EXERCISE DESCRIPTION
Would you reproduce exactly, and only, the lines starting at the one with "Superdry Merchant Milled" and ending at the last line of the data, with both included? Leave the pictures out.

══ THE DATA

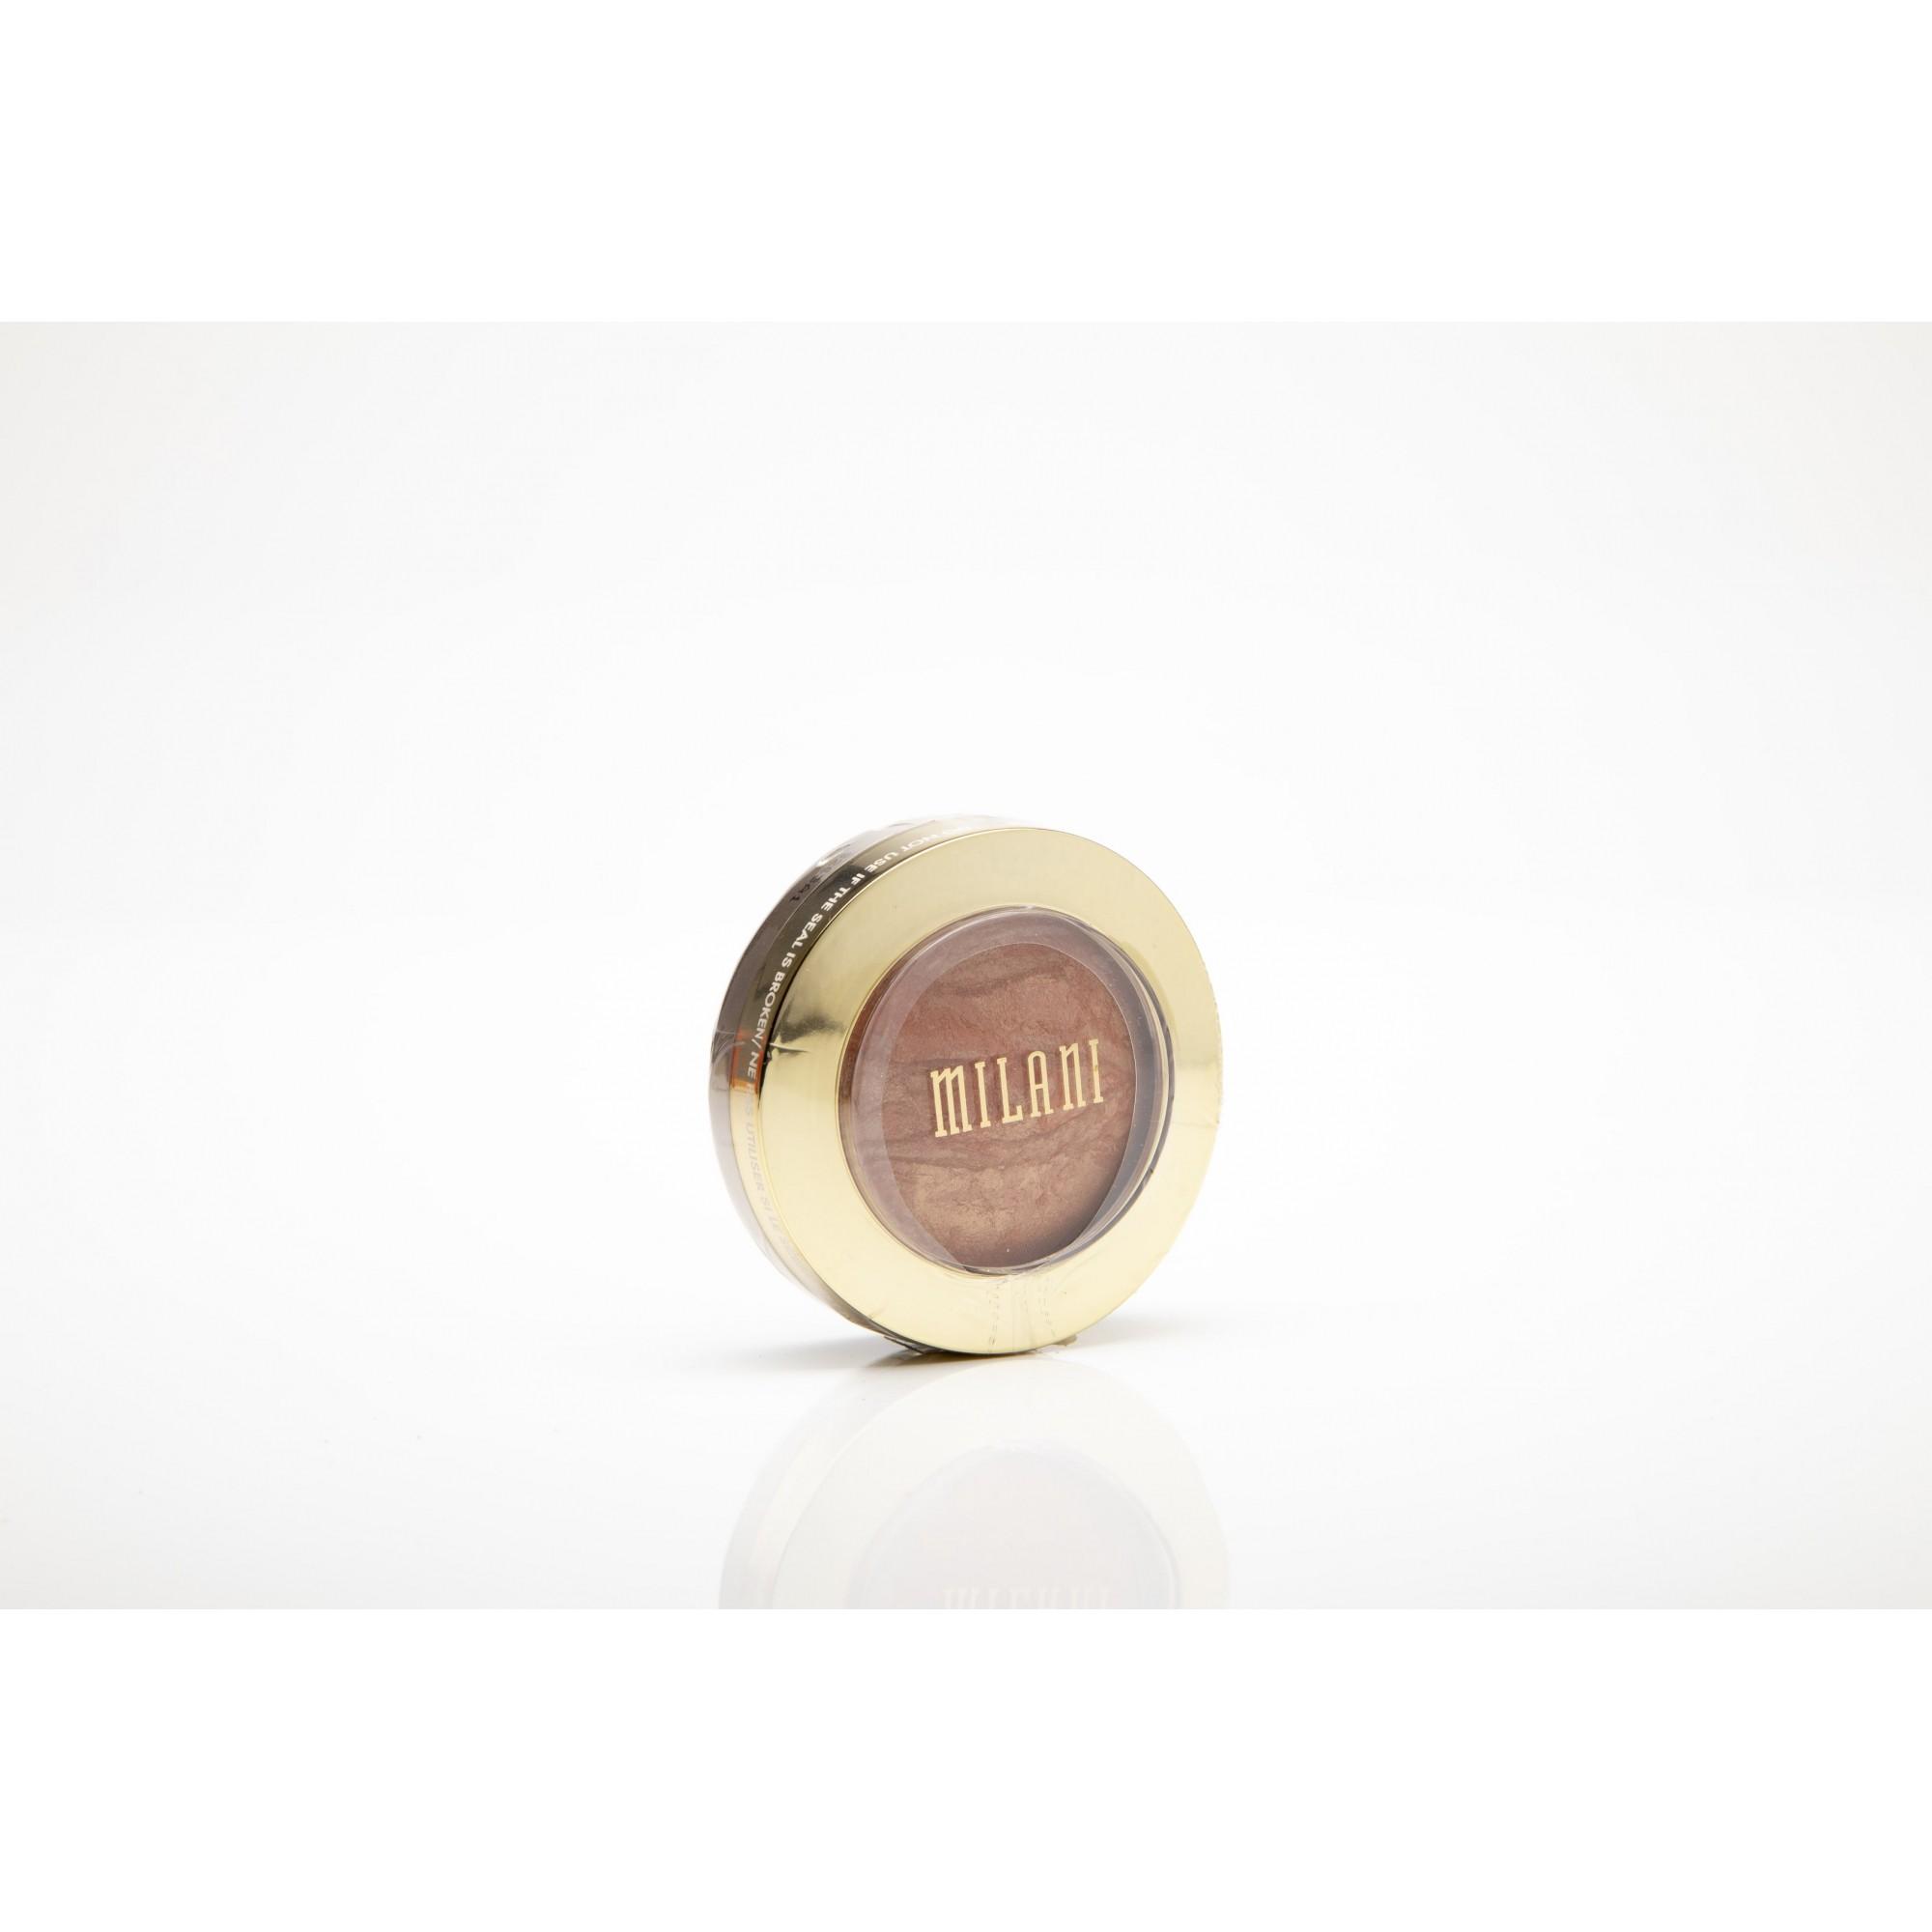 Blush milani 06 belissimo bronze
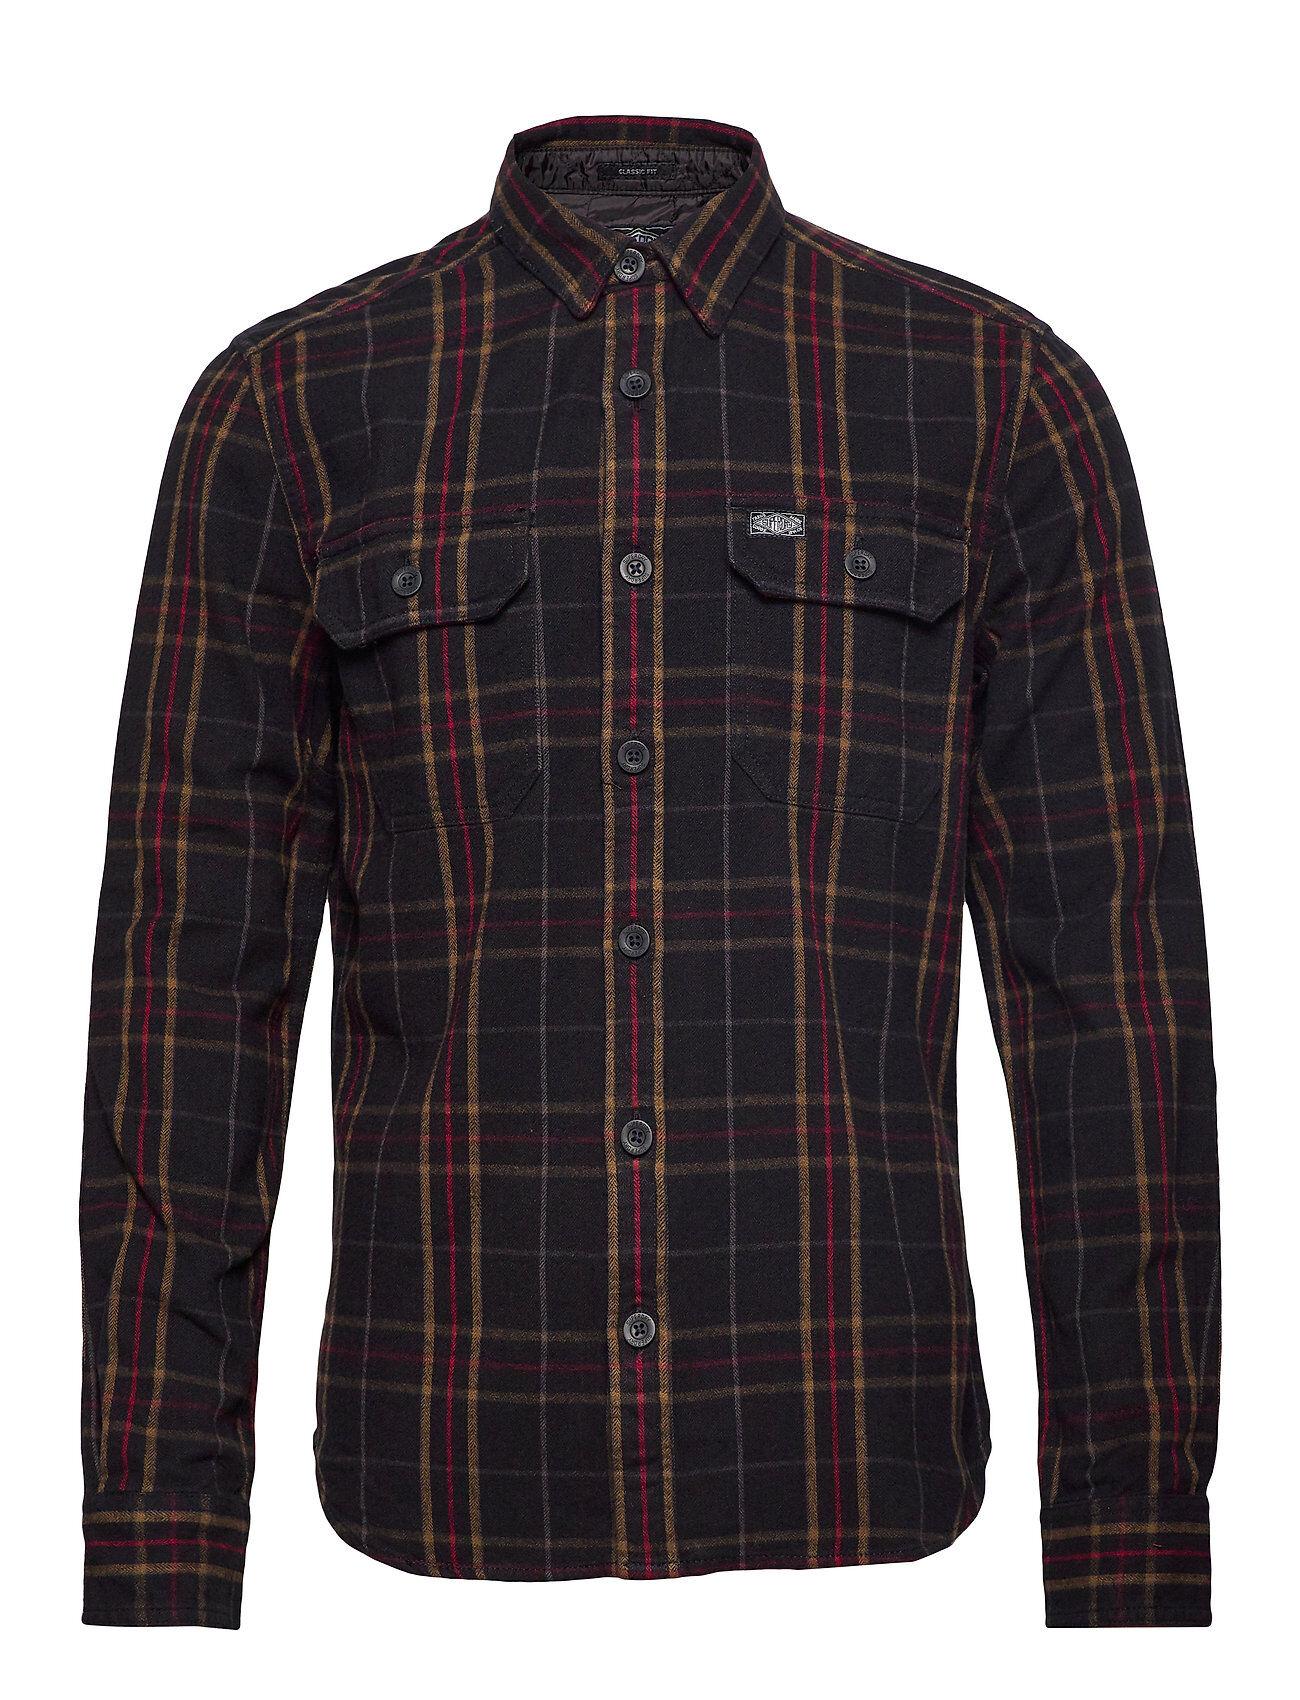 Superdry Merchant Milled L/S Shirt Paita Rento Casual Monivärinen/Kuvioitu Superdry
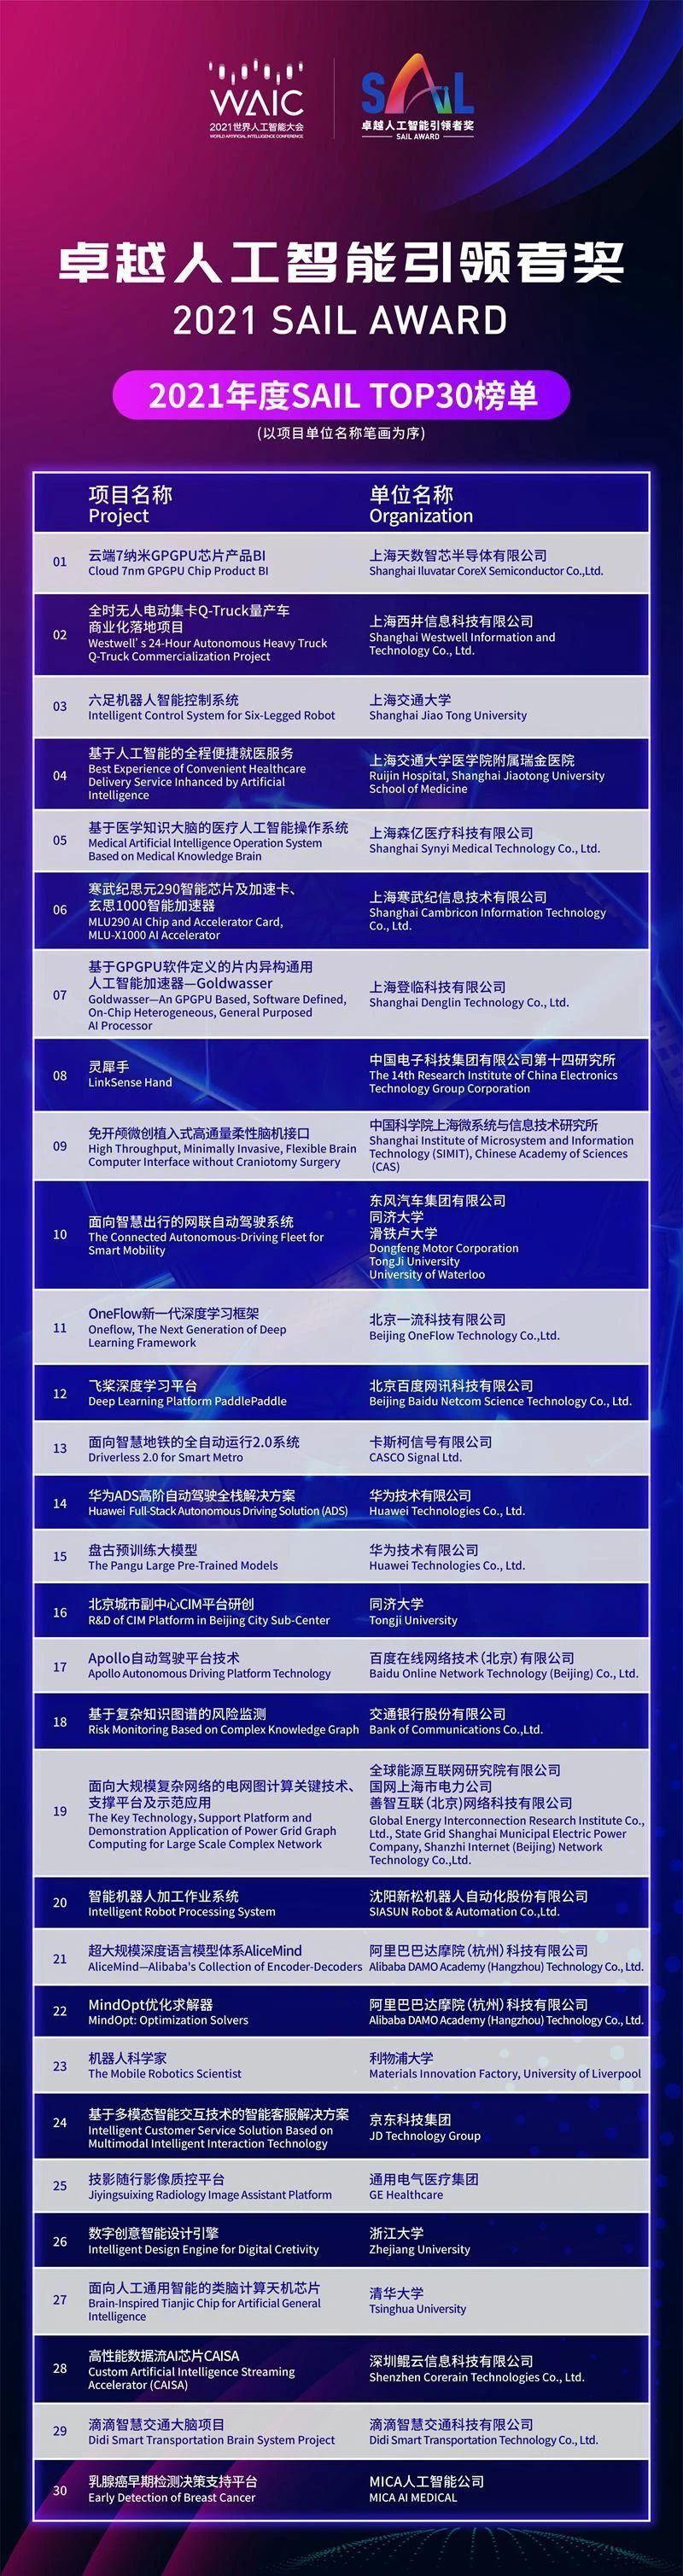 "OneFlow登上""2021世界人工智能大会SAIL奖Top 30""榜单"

════

TASK RESULT
 Superdry Merchant Milled L/S Shirt Paita Rento Casual Monivärinen/Kuvioitu Superdry
 "OneFlow登上""2021世界人工智能大会SAIL奖Top 30""榜单"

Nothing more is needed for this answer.